Gatti’s final fight in his triology with Mickey Ward in 2003 got me back into following boxing for a while. Their fights were fierce, their friendship touching. I remember watching them share a water bottle immediately after the fight while they were both being interviewed by HBO’s Larry Merchant. You couldn’t look away from that fight. Jerry Izenberg of the Newark Star-Ledger wrote of their battles that they were “so brutal and so passionate that they could have fought inside a pay telephone booth.”

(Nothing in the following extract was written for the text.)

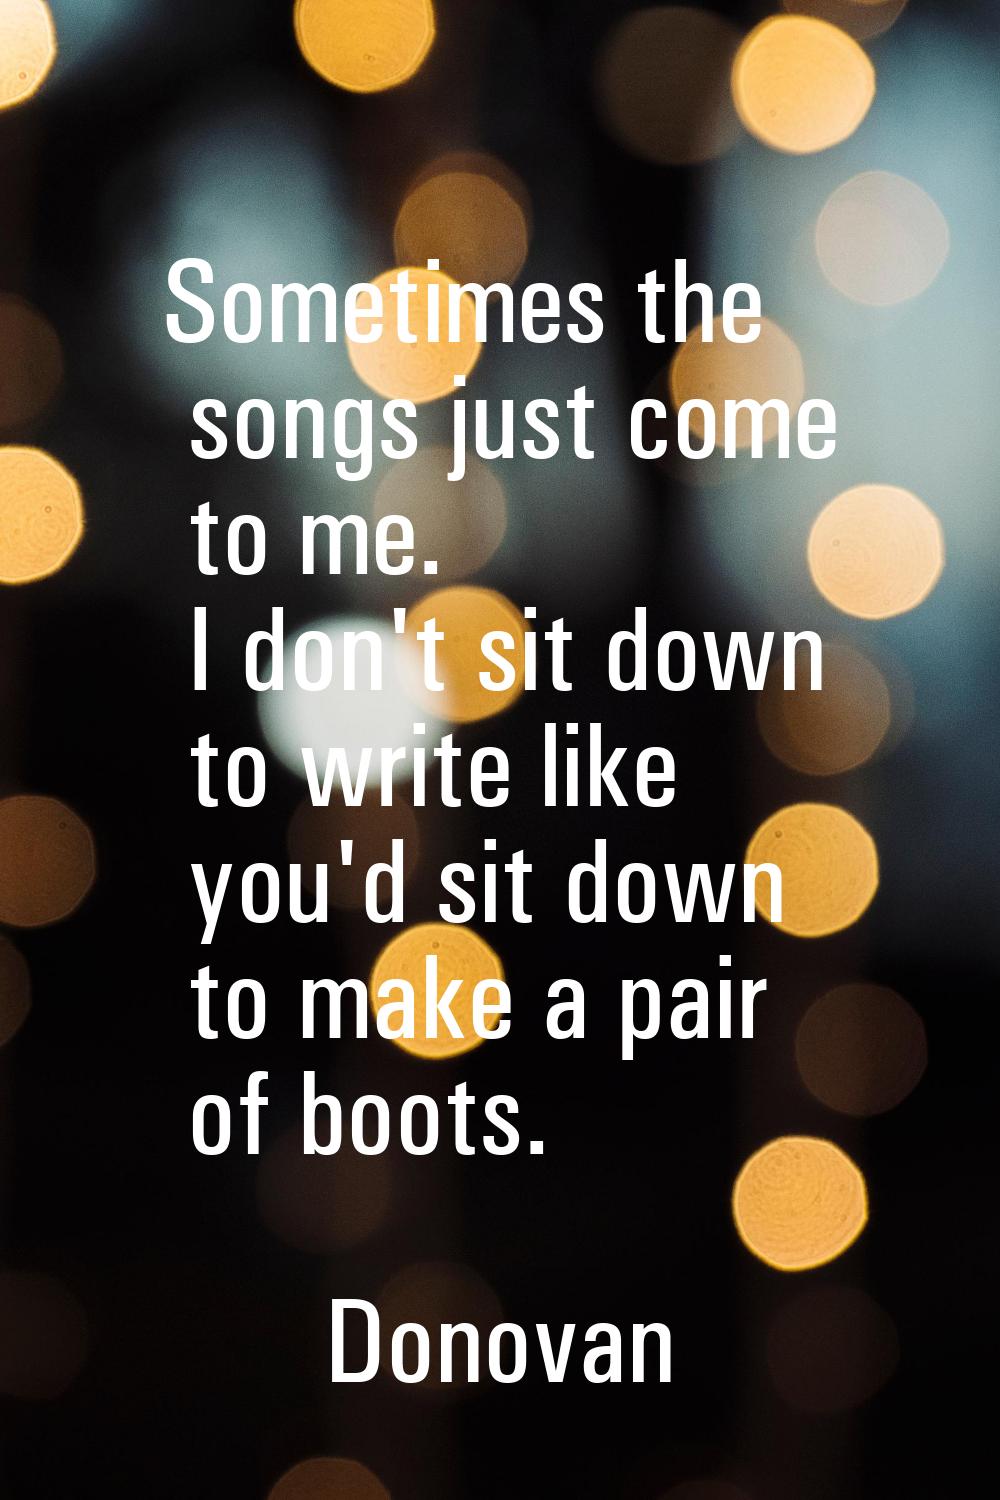 Sometimes the songs just come to me. I don't sit down to write like you'd sit down to make a pair o

Gatti fought two of those bouts with a broken hand. That only underscored how tough this guy was, and how entertaining. For anyone with a blue-collar work ethic, whether real or inflated, Gatti showed you the real deal. For anyone trying to overcome adversity, Gatti’s actions in the ring provide a great inspiration. He fought through a painful blow to the liver, through broken hands, through swollen eyes.

More from Izenberg, who sums it up perfectly in his piece from Monday:

… New Jersey was, is and always will be the state of long-shot dreams, of hard knocks, high hopes and getting off the deck for one more shot. … It has always been this way. In urban enclaves, no matter how they change, no matter the ethnicity or the skin color or the economic status. …

In other slices of geography they succumb to the awful dirge of the Rust Belt Blues. Here we respond with the code of The Puncher’s Chance. And the fire in that determination explains who we are and why we do not store our dreams away in the closet. …

Listen to coach Bob Hurley, who was born and raised in one of those enclaves. The sound of his voice could pass for the music of North Jersey’s cities. He can explain the legend of Arturo Gatti:

”People have dreams. So do neighborhoods. They were his people. You look back when you grow up and you remember the toughest kid on the block and years later you think, ‘Well, he made it. Why not me?’ So you keep on trying. In so many ways, he is what we are sometimes, back on his heels, bleeding, hurt and then coming back again because he would not yield his Puncher’s Chance.”

Gatti was born in 1972, the same year I was, and now he’s dead at 37. Rest in peace.